• [WORK INSTRUCTIONS]
Would you repeat word for word the lines of the listing that follows, from the one with "Little blond boy" up to and including the one with "Rhode Island Gifts, Walking", and leave out the images?

• [RECORDS SHOWN]
+++++

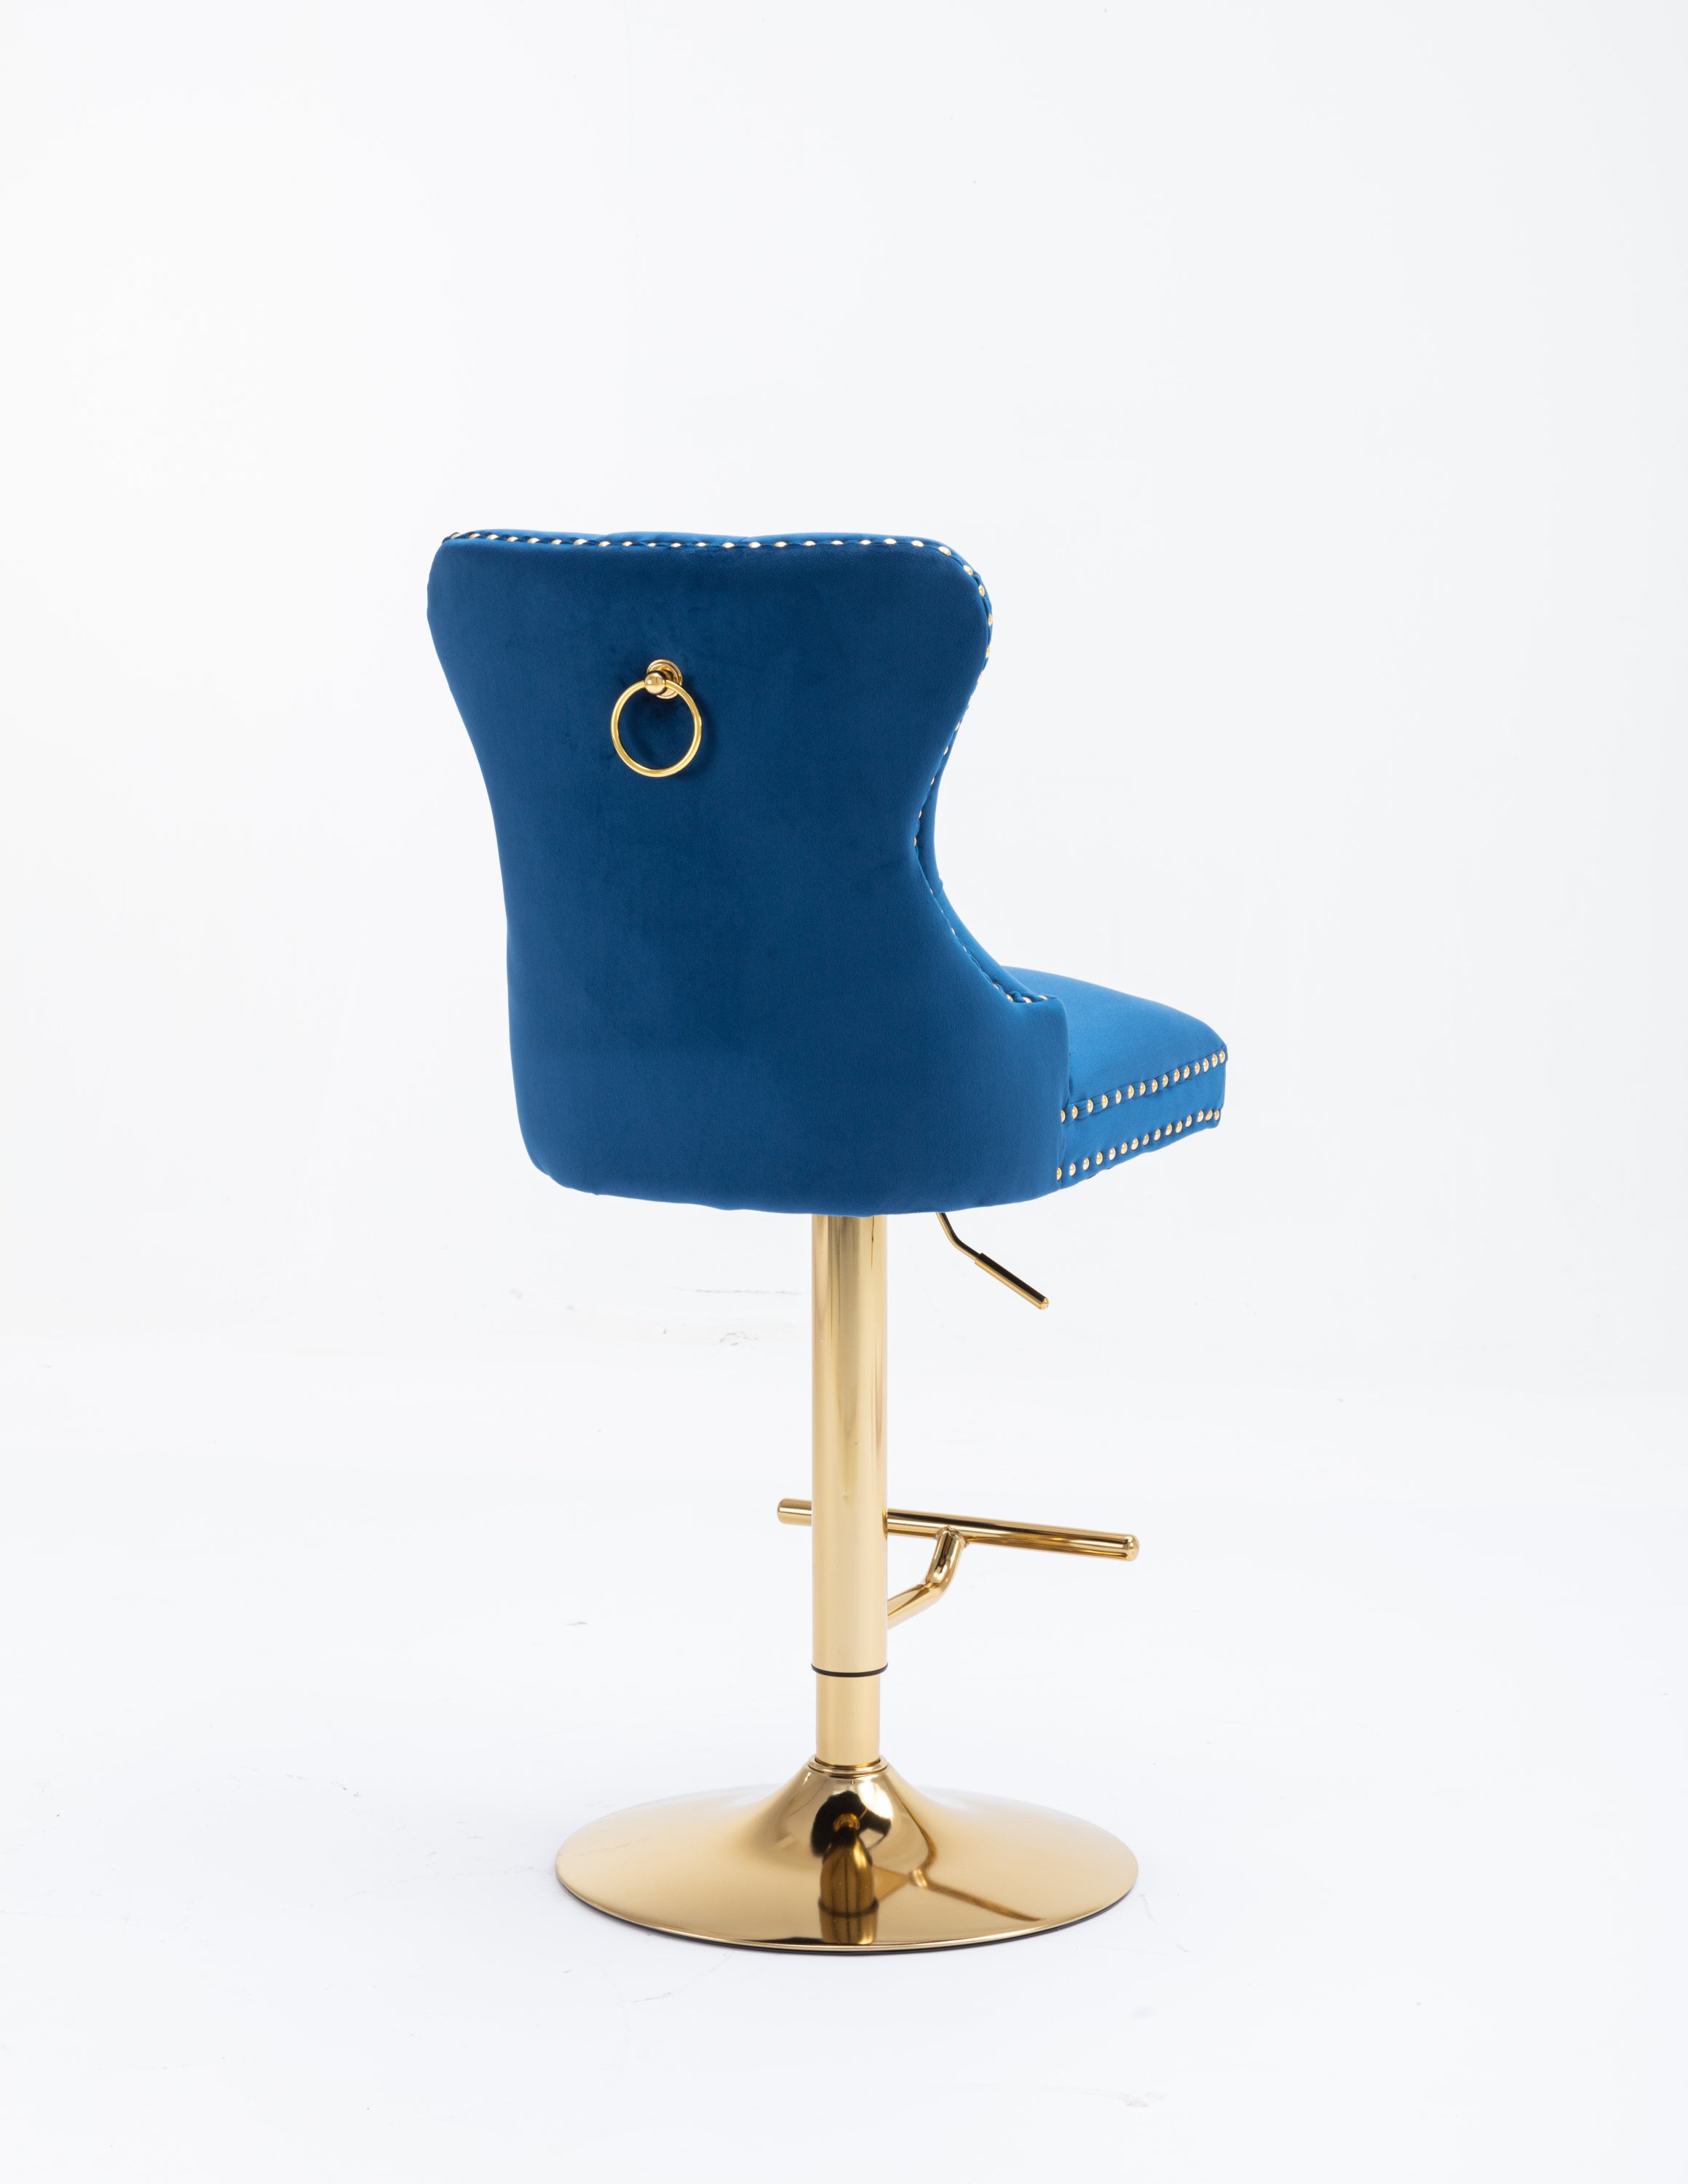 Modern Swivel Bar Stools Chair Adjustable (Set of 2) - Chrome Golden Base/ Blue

+++++

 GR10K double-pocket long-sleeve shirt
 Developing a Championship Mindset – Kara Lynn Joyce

+++++

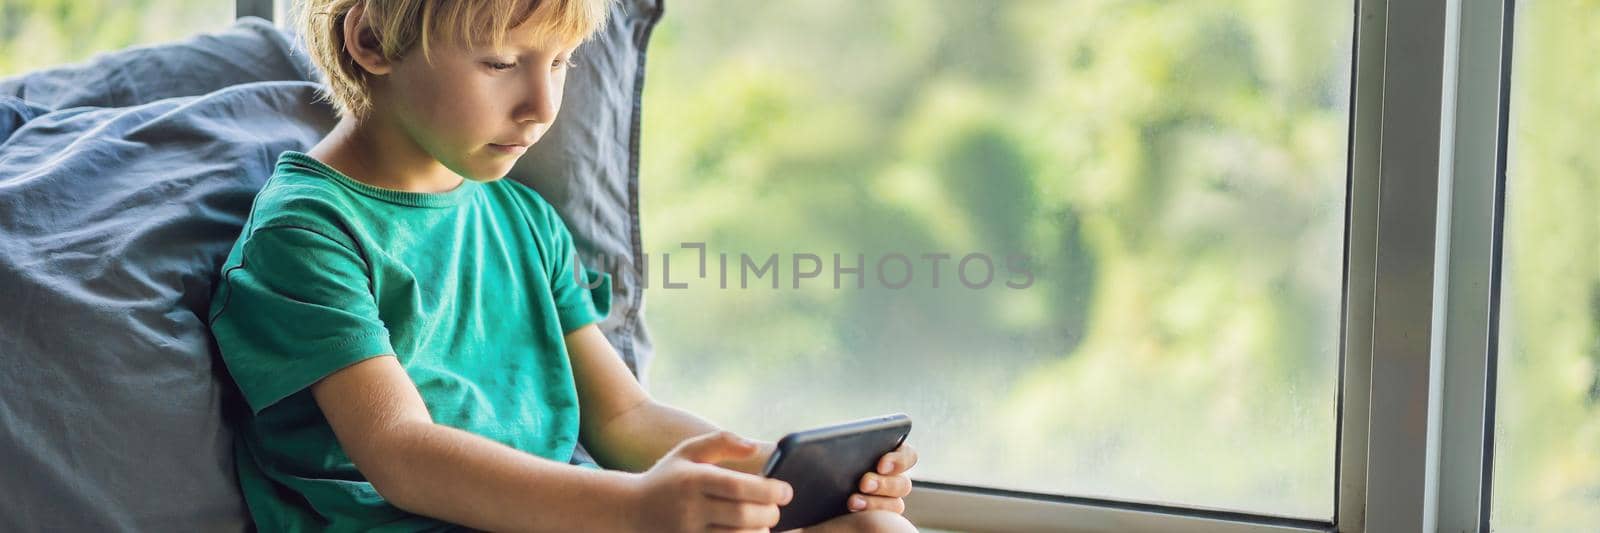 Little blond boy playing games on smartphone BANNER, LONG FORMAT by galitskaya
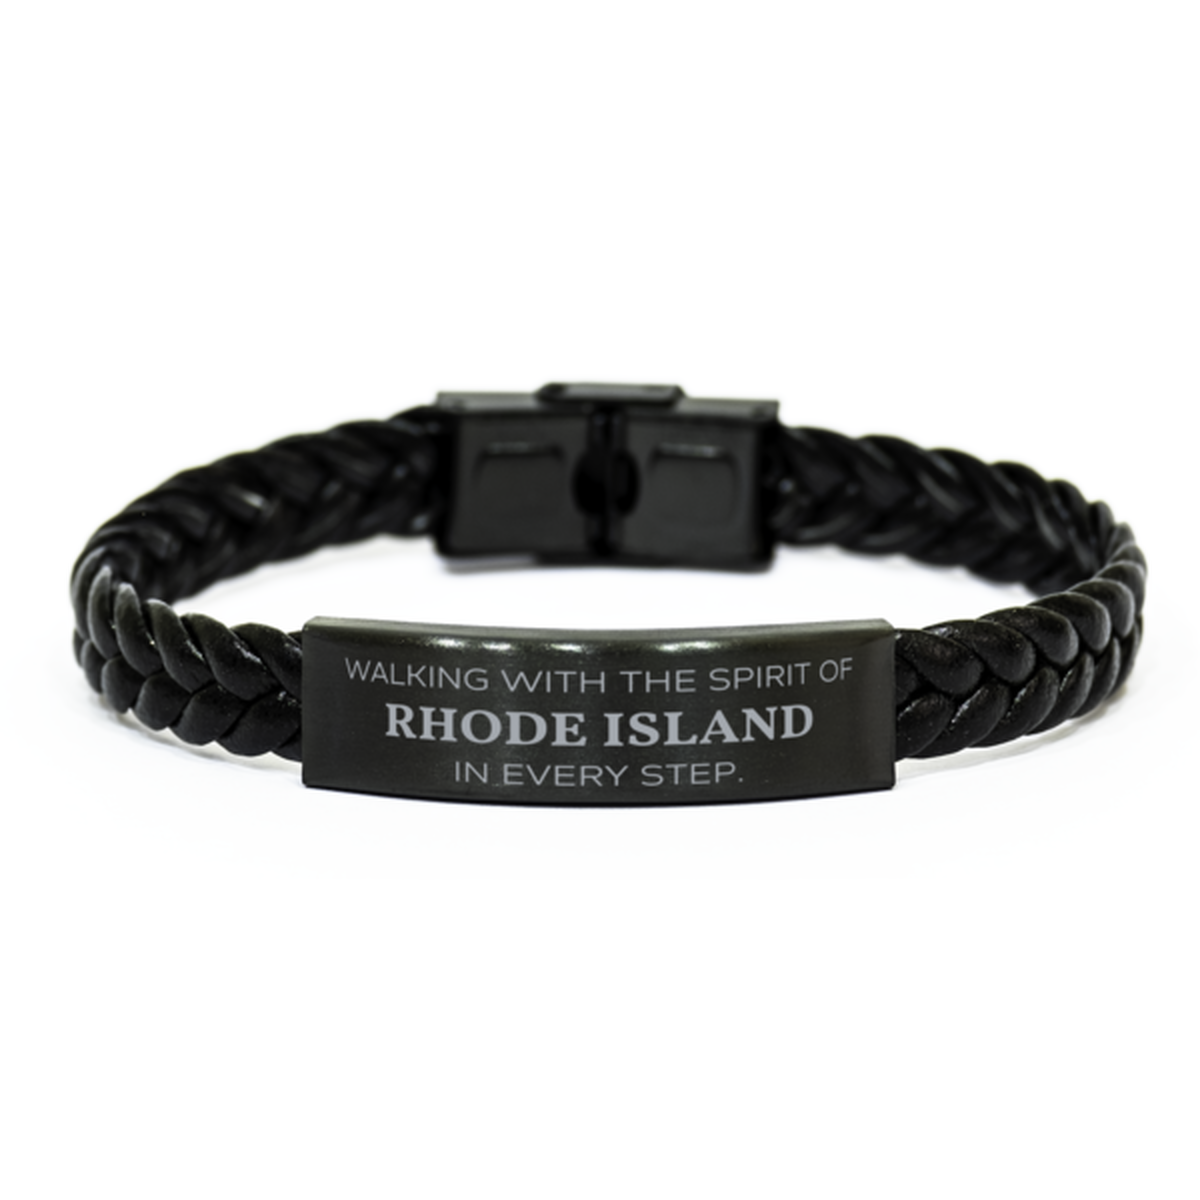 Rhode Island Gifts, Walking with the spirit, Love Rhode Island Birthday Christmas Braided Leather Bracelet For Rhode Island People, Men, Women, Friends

+++++

• [EXERCISE SOLUTION]
 Little blond boy playing games on smartphone BANNER, LONG FORMAT by galitskaya
 Rhode Island Gifts, Walking with the spirit, Love Rhode Island Birthday Christmas Braided Leather Bracelet For Rhode Island People, Men, Women, Friends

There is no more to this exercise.